Una finale scudetto è un evento.
È un qualcosa che non può non piacere a un appassionato di Sport.
A prescindere dalla disciplina e dalla squadra per cui tifa.
Un qualcosa che non tutti si possono permettere di vedere dal vivo.
Figuratevi, allora, quel che può aver provato un appassionato di Sport (in tv) come il sottoscritto, che ha avuto la possibilità di vedere con i propri occhi quella grande macchina organizzativa all’opera per la produzione televisiva di un evento sportivo di assoluto rilievo come una delle gare della finale scudetto della pallavolo femminile.
Alle 20,30 di sabato 20 aprile era in programma gara 2 tra Scandicci e Conegliano.
Quando ci siamo salutati a Forlì, Roberto Bulgarelli e gli amici di CASTelevision mi avevano detto: “Vieni Wenner, non Te ne pentirai”.
Come lasciar cadere nel vuoto un invito del genere, peraltro in una giornata per me non lavorativa, che mi avrebbe consentito di assistere, per intero, alle (infinite) operazioni di allestimento dell’impianto in vista della diretta televisiva.
Arrivo al PalaWanny di Scandicci poco dopo le 16, cioè quattro ore e mezzo prima dell’orario in cui l’internazionale, ostunense di nascita, Armando Simbari, con il proprio fischietto, avrebbe dovuto dare inizio alle ostilità.
Arrivo in concomitanza con la squadra di CASTelevision, cui era affidata la produzione televisiva dell’incontro (e, aggiungo io, della intera serie).
Il palazzetto dello sport è letteralmente vuoto: ho il privilegio di essere uno dei primi a mettere piede dentro l’impianto, quell’impianto che, di lì a qualche ora, si sarebbe trasformato in una bolgia grazie ai 3500 spettatori presenti.
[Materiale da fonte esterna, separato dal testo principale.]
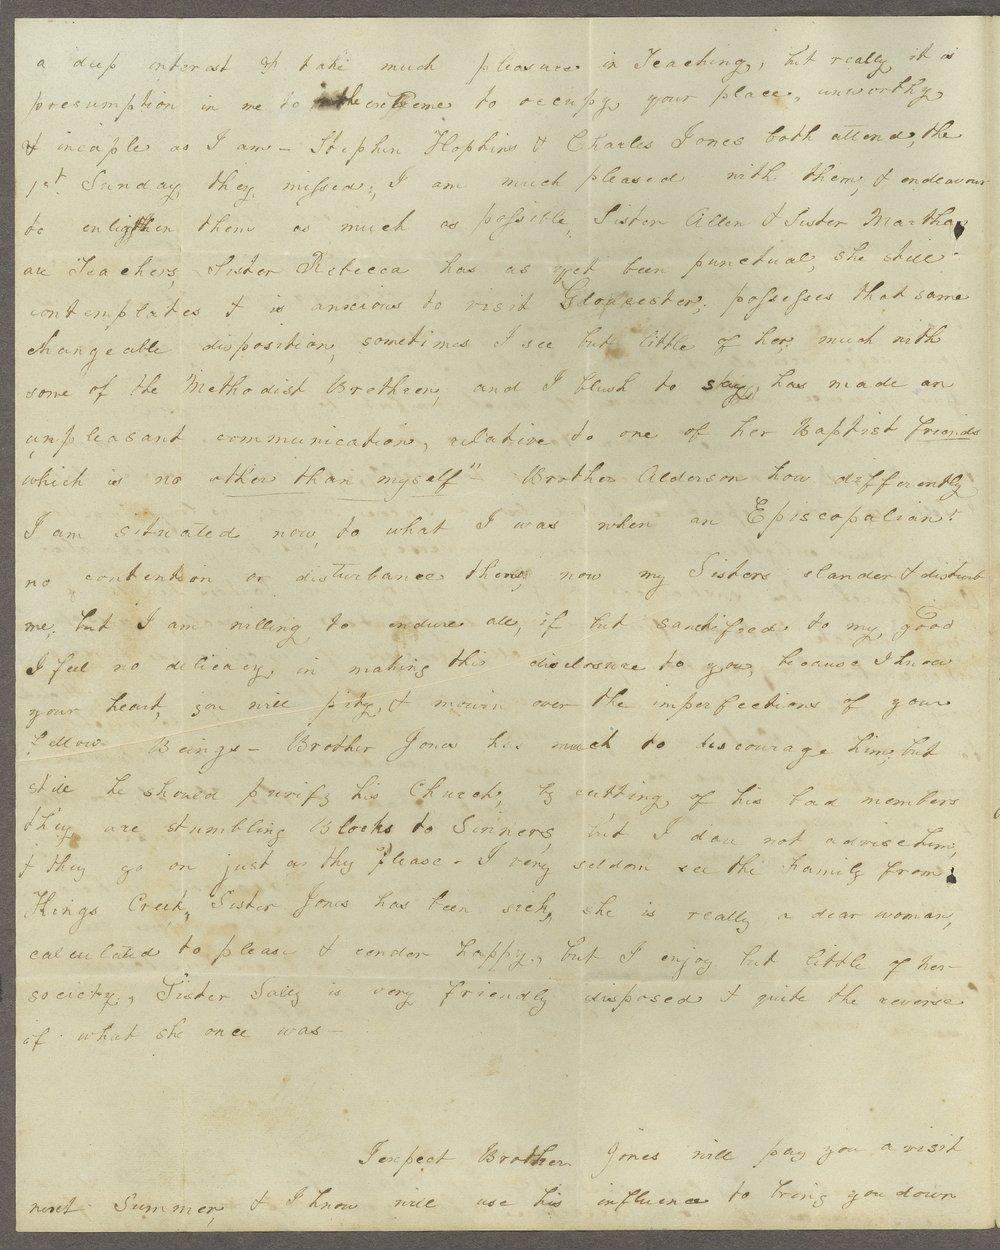 Louisa E. White to Lewis Allen Alderson - 2

Non ho nemmeno il tempo di finire di ammirare il fascino vuoto dell’arena, che gli amici di CASTelevision sono già all’opera: ognuno con il proprio ruolo, ognuno a fare quella cosa che aveva fatto 72 ore prima al PalaVerde di Treviso (ed altre n volte nel corso della stagione sportiva e delle rispettive carriere), vale a dire iniziare a stendere i cavi, quei cavi che avrebbero portato le immagini e i suoni nei teleschermi di diverse centinaia di migliaia di persone.
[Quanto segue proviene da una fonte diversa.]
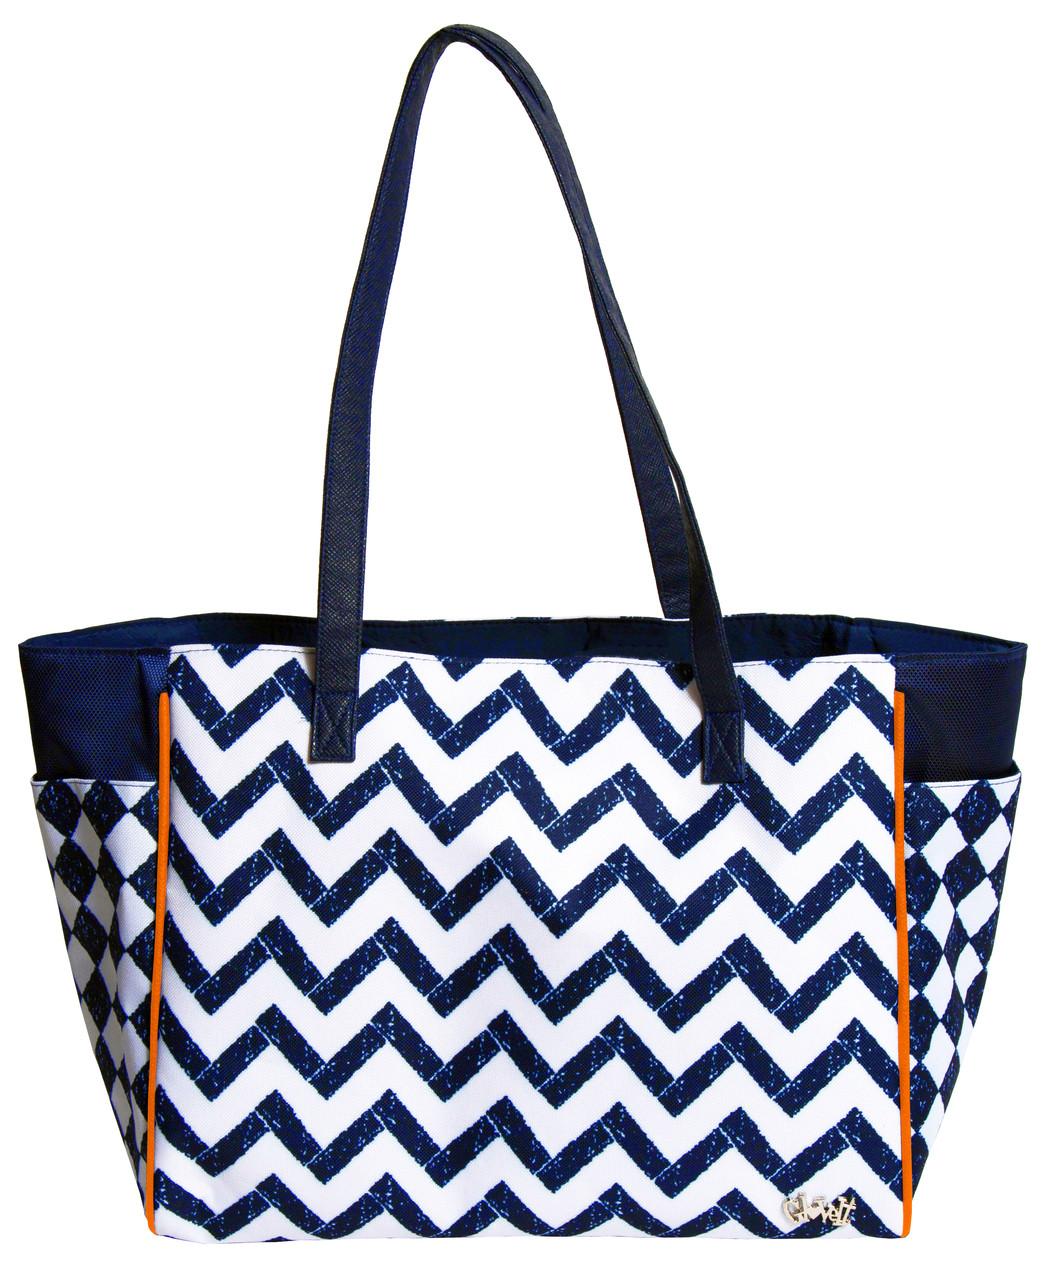 64183d5ef1a2 Glove It Ladies Coastal Tile Tote Bag

Quell’attività fondamentale per la buona riuscita di una produzione televisiva, la cui importanza, purtroppo, non viene percepita dal pubblico a casa, in quanto la stessa, molto spesso, viene data per scontata: nell’immaginario collettivo si pensa, ad esempio, che ci siano soltanto le telecamere e i microfoni da collegare, ma non si ha idea che questi collegamenti rappresentano solo uno degli ultimi tasselli di una catena molto più lunga, articolata e complessa.
Nelle ore che precedono l’inizio della trasmissione in diretta, infatti, vanno calati diverse centinaia di metri (forse qualche chilometro) di cavi, in maniera ordinata tra loro, in modo che non si vedano, in maniera tale da rispettare le norme di sicurezza, ricoprendoli con appositi materiali per evitare che gli stessi vengano calpestati dagli atleti o dal pubblico, sì da precludere l’utilizzo nel corso della gara della camera o del microfono ad essi collegato.
Ogni singolo cavo (che servirà per alimentare un qualcosa ovvero per far arrivare un segnale, video, audio o dati) va portato fino a un determinato punto ben preciso dell’impianto al fine di rendere successivamente possibile il collegamento di una telecamera, di un microfono, di una cuffia, oppure ancora del monitor che verrà utilizzato da un telecronista per commentare la partita, cercando, per quanto possibile, di esaudire le richieste di ciascuno di loro.
Una volta distesi tutti i cavi, poi, occorre curare gli esatti collegamenti, affinché tutto arrivi in maniera precisa nella bagagliera del van che curerà la regia.

E poi ci sono le telecamere da assemblare (una bella emozione, sono sincero, vedere come viene montata una Super Slow Motion), da posizionare sul treppiedi, da collegare le manopole con cui l’operatore regolerà il pan, il tilt e lo zoom, da inserire le pile all’interno dei trasmettitori che verranno indossati dagli arbitri, unitamente ai relativi microfoni, c’è da posizionare la net cam sopra il palo della rete, e tanto altro ancora.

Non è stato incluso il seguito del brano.